Текст книги "Сашка Вагнер. Вера. Отвага. Честь"
Автор книги: Олег Рой
Жанр: Книги о войне, Современная проза
Возрастные ограничения: +16
сообщить о неприемлемом содержимом
Текущая страница: 1 (всего у книги 10 страниц) [доступный отрывок для чтения: 3 страниц]
Олег Юрьевич Рой
Сашка Вагнер. Вера. Отвага. Честь
© Рой Олег, 2024
© ООО Издательство «Вече», 2024
«Ваша слава никогда не померкнет, память о вас будет жить вечно. Мы знали и знаем, что подавляющее большинство бойцов и командиров группы „Вагнер“ – это патриоты России, преданные своему народу и государству. Они доказали это своим мужеством на поле боя, освобождая Донбасс и Новороссию».
В.В. Путин, 26.06.2023 года
«Мы всегда относились к бойцам и командирам этой группы с большим уважением, потому что они действительно проявляли мужество и героизм. Наши солдаты и офицеры Российской армии, добровольцы работали в боевых условиях с не меньшей отдачей, проявляли также и героизм, и самопожертвование. Но и те, кто служил и работал в компании „Вагнер“, пользовался уважением в стране».
В.В. Путин, 27.06.2023 года
От автора
Эту книгу я хотел бы посвятить памяти моего друга Санечки, который сражался в рядах ЧВК «Вагнер» и героически погиб при освобождении Артёмовска (Бахмута) от украинских националистов.
Книга создана на основе реальных событий, у её героев есть конкретные прототипы. Однако я не хотел писать документальную повесть и называть настоящие имена, чтобы не оскорбить забвением никого из наших героев. Подвиги на фронте СВО совершают многие, и каждый боец заслуживает награды и безмерного уважения, а каждый погибший герой – вечной памяти.

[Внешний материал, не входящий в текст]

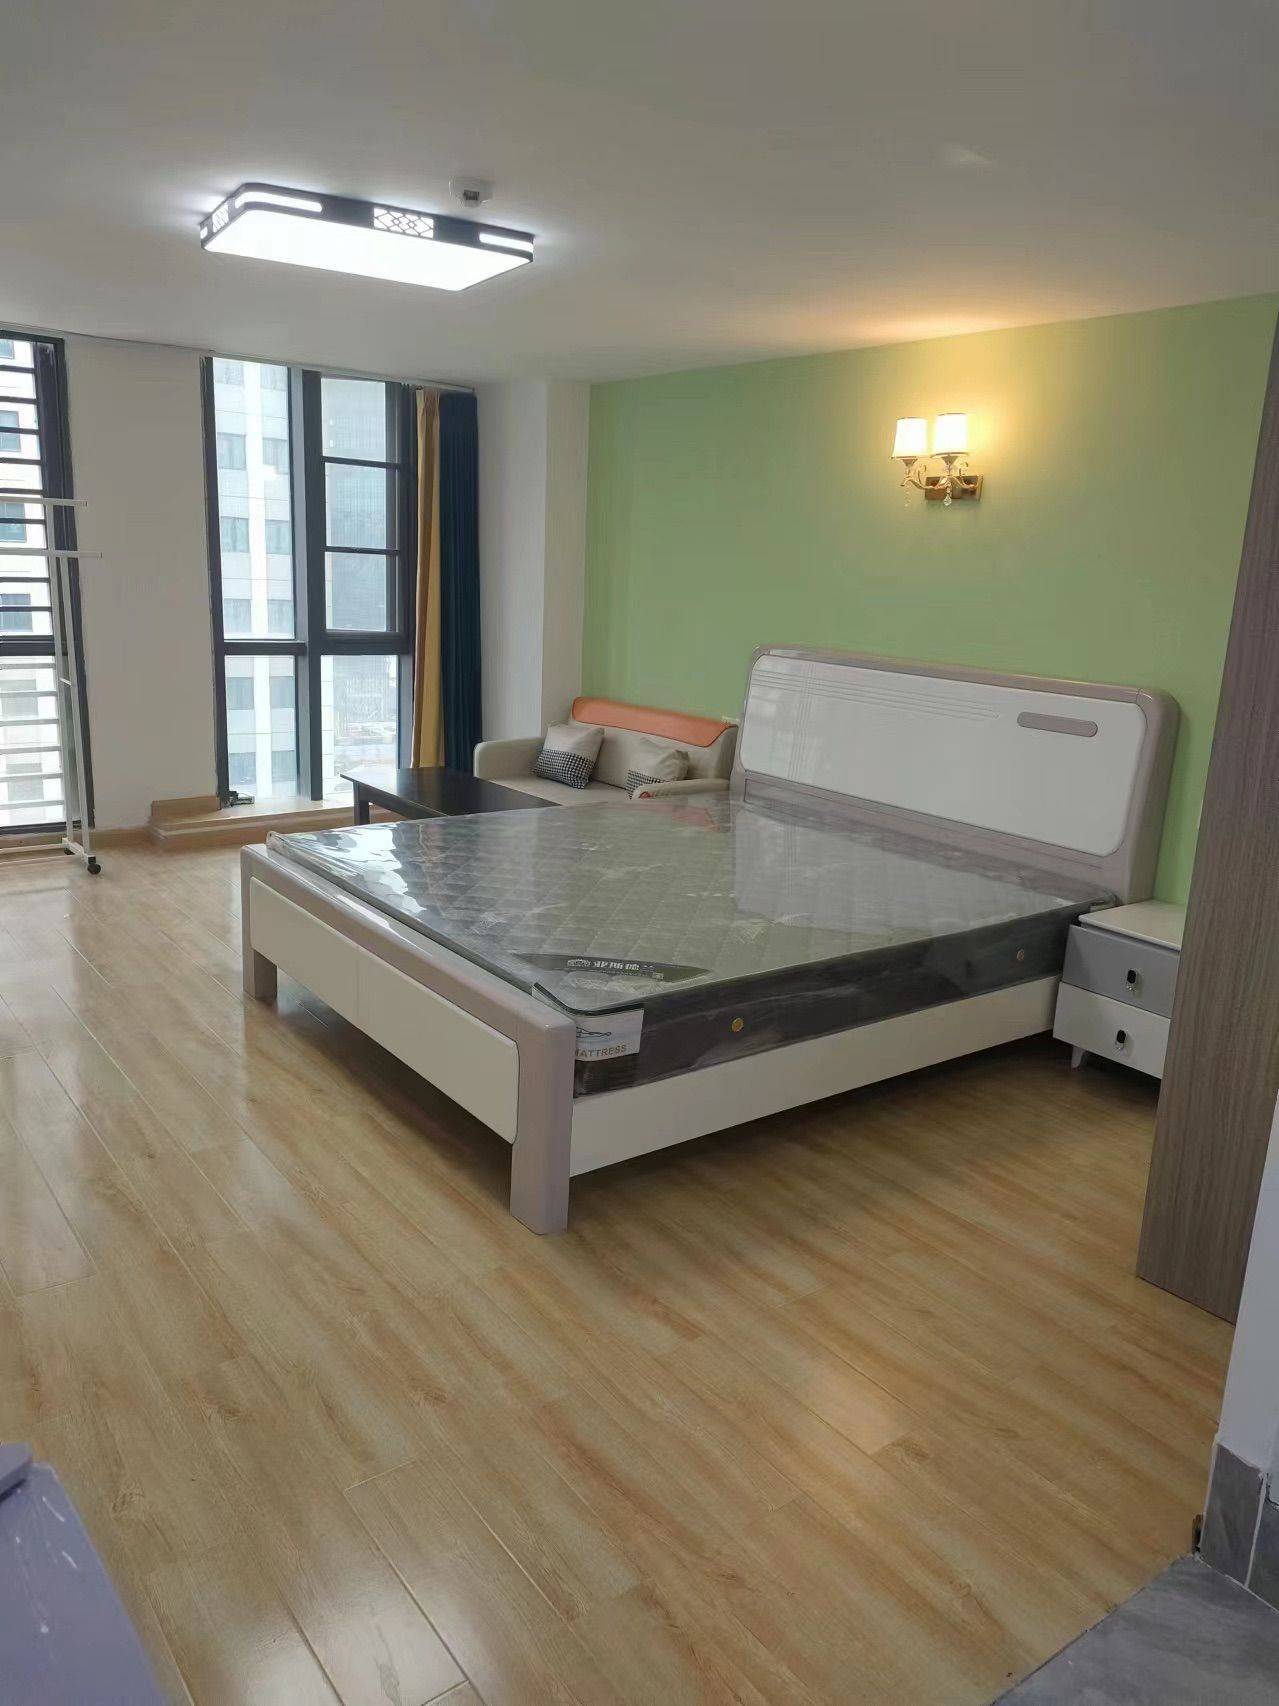 Wuhan-Hongshan-散步时光,Cozy Home,Clean&Comfy,No Gender Limit,Chilled

Пусть же этот роман станет литературным памятником всем тем, кто, не щадя себя, сражается с врагами, тем, кто ценой своей жизни приближает нашу Победу.
Олег Рой
Глава 1. Врата ада
Один из повешенных злодеев злословил Его и говорил: если Ты Христос, спаси Себя и нас. Другой же, напротив, унимал его и говорил: или ты не боишься Бога, когда и сам осужден на то же? И мы осуждены справедливо, по делам нашим, а Он ничего худого не сделал. И сказал Иисусу: помяни меня, Господи, когда приидешь в Царствие Твое! И сказал ему Иисус: истинно говорю тебе, ныне же будешь со Мною в раю.
Евангелие от Луки, 23: 39-43
Этот город пропах войной. Пропах пороховой гарью и кирпичной пылью, от которой першит в горле, горелой резиной, мазутом, кровью, плесенью… от этих запахов не скроешься, не спрячешься, они постоянно витают в воздухе, не позволяя забыть, где находишься. Но если бы даже не они, война всё равно не устаёт напоминать о себе многоголосым гулом канонады, глухим буханьем взрывов, от которых старое здание угрожающе вздрагивает, и ты думаешь только о том, что любой обстрел, любая бомбардировка может превратить твоё убежище в братскую могилу. Может быть, никто никогда не найдёт твоё тело, никто не узнает, где ты сложил голову, и ты будешь навсегда числиться в графе «пропавшие без вести», как очень многие и на этой войне, и в любой другой из войн, тысячелетиями сотрясавших мир.
Где-то там, далеко-далеко, где нет отсыревших каменных стен подвала, соревнуются друг с другом твои коллеги – бойцы невидимого фронта пропаганды. Одни называют город, в котором стоит дом, ставший для тебя тюрьмой, «крепостью Бахмут» и говорят, что если и сдадут его «агрессору», то только в виде руин. Другие называют город Артёмовском и говорят, что вот-вот его освободят. Есть среди них такие, которые призывают сровнять этот город с землёй. Их, наверно, тоже можно понять. Почти всегда это личное – кто-то потерял здесь родных, кто-то – близких друзей, кому-то просто страшно от того моря крови, что уже впитала в себя земля Бахмута, а сколько её еще прольётся здесь!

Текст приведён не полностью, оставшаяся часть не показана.